Mr. James: Changed diagnoses are probably the biggest one. So if ... you have a type of cancer and they think it's going to be treatment A and, after you talk to folks here who deal with this more, doing more cutting-edge research ... and it really is perhaps B or C that would be better for you, that is huge, to get you to the best treatment. From an employer's perspective it is if that second opinion can save you from not going down the path that would be not as helpful to the patient and also, then, if you needed to go down B but you went down A and then you had to go down B later, you not only lost time, which may be detrimental to a patient, but you've also increased the cost to the employer and to the patient.

Q: What do you see as the future for the services?

Ms. Sossong: Hopefully we can incorporate second opinions into a flow of care that would include other services. So, for example, if you have a second opinion and say you need to come to MGH for care — say you live on Martha's Vineyard, so you come to MGH for your care — then you go back to Martha's Vineyard after your in-person care.

But then we could incorporate these virtual visits and other modalities so that they would all blend together in a way that really takes the best care of the patient in the place that they're at.

Right now we're doing this as a direct-to-patient service. We're hoping that we'll be able to expand the ways in which we're offering this, and I think this is probably a little ways off, but there's a lot of interest at MGH in global health and community health, and there may be a point where we can also be offering this to people who could never afford to pay for it.
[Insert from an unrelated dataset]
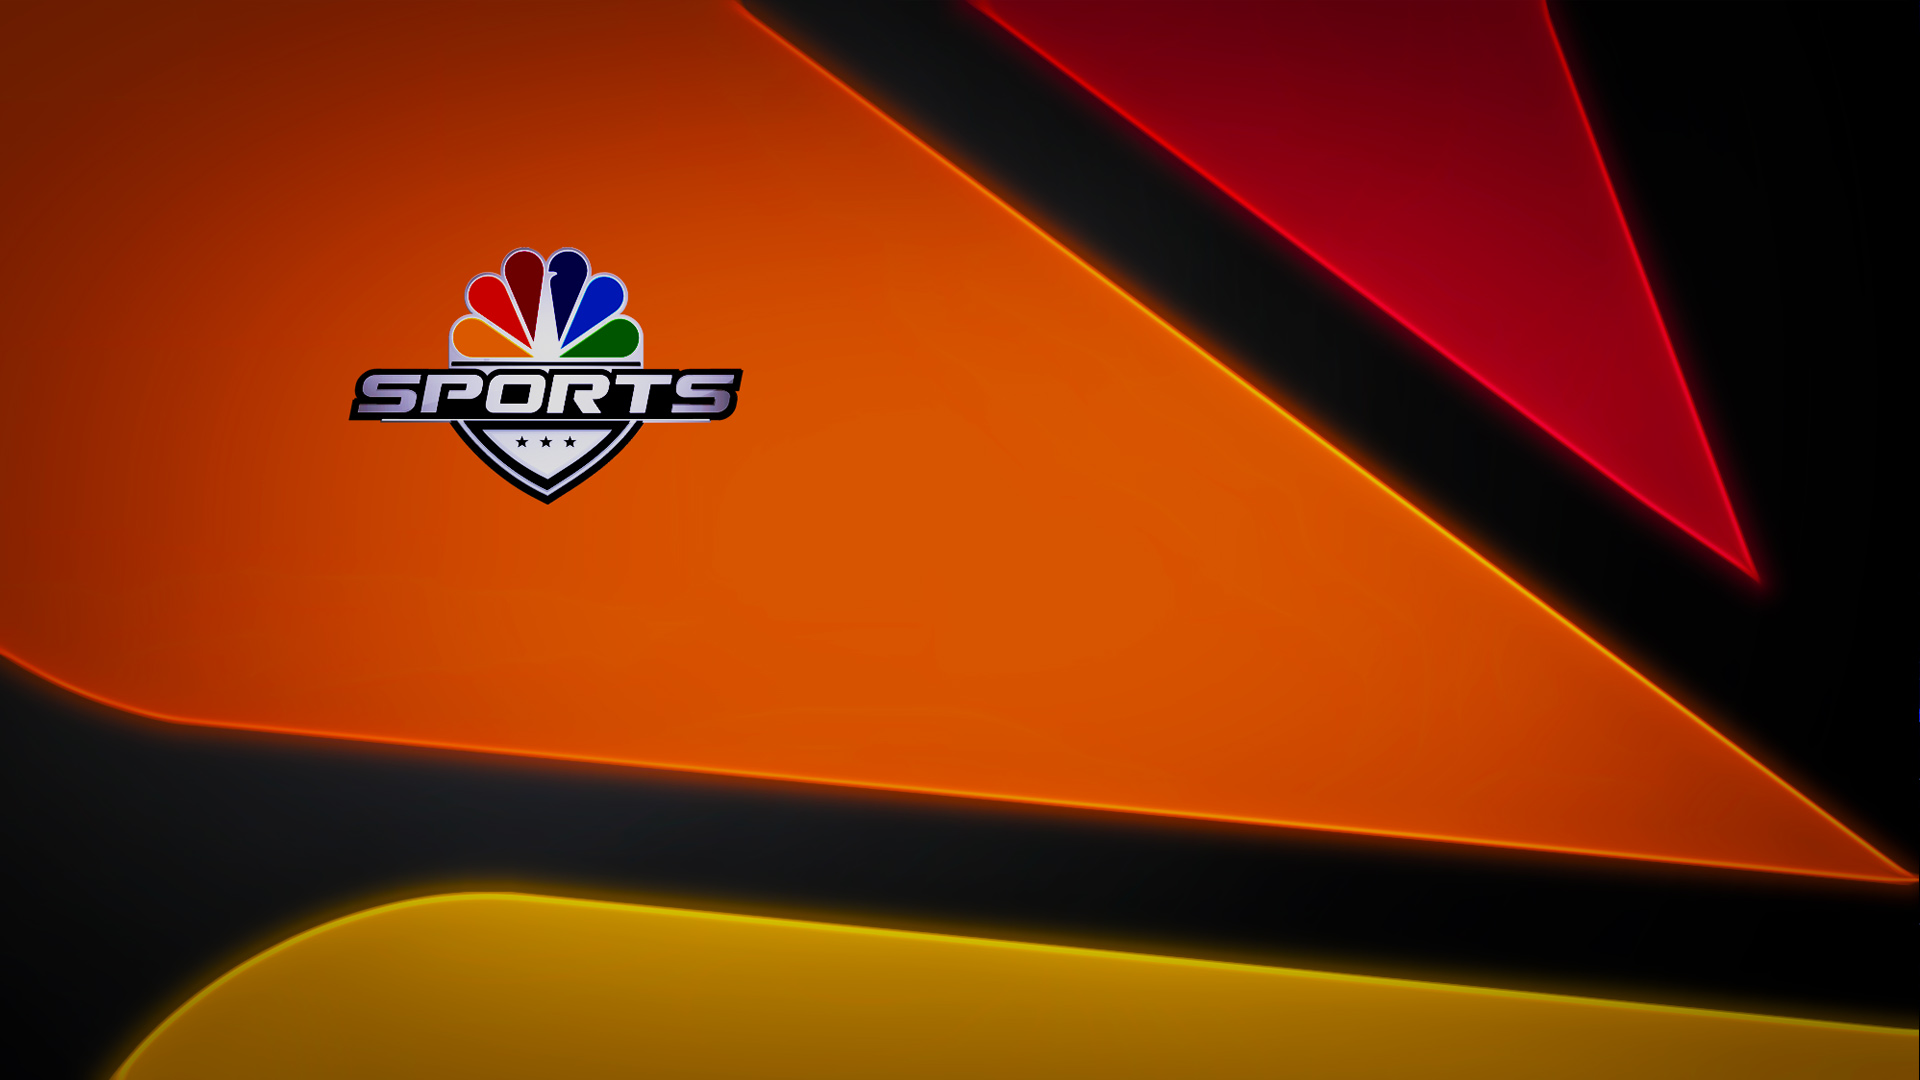 NBC_Sports-ALL_HD-4.jpg

On the flip side, there may be ways in which this can benefit the educational system. MGH is an academic teaching institution and, for example, there are conditions that are very common in China or South America that we just never actually see in Massachusetts. So at the same time that us providing second opinions can be very helpful to remote patients, it can also be something that could be potentially also a good teaching experience for us.

Q: In what ways have these services been cost-effective for patients?

Mr. James: If you lived in Iowa, and you needed a second opinion, you don't have to drive or fly to wherever — both the costs of travel, the cost of leaving work for both you and whatever caregiver is going with — that's a direct cost. The second is … not going down treatment paths which aren't going to be as helpful, which, too, are then both costs to the patient and to their employer in the system as a whole.

Q: What are some of the reasons for misdiagnoses?

Mr. James: I think there are a number of reasons. Just think about if you have a very rare form of some kind of disease ... and you're in a community that does not have a deep bench of specialists who see all the permutations of that disease on a frequent basis. They're just not going to be as familiar with it and not be as familiar with what to do with it...Oncology's a great example. There are so many different types of mutations that occur and so many more treatments that are being brought online every day at academic medical centers, like MGH and other places around the country, that if you're a community oncologist and you see a lot of breast and lung cancer, but you don't see much liver cancer or you don't see much rectal cancer, you may not know the best new way of treating those things. So your diagnosis, while it may be correct … you may not know what else you should do, or the best new thing to do that has come out in the last month.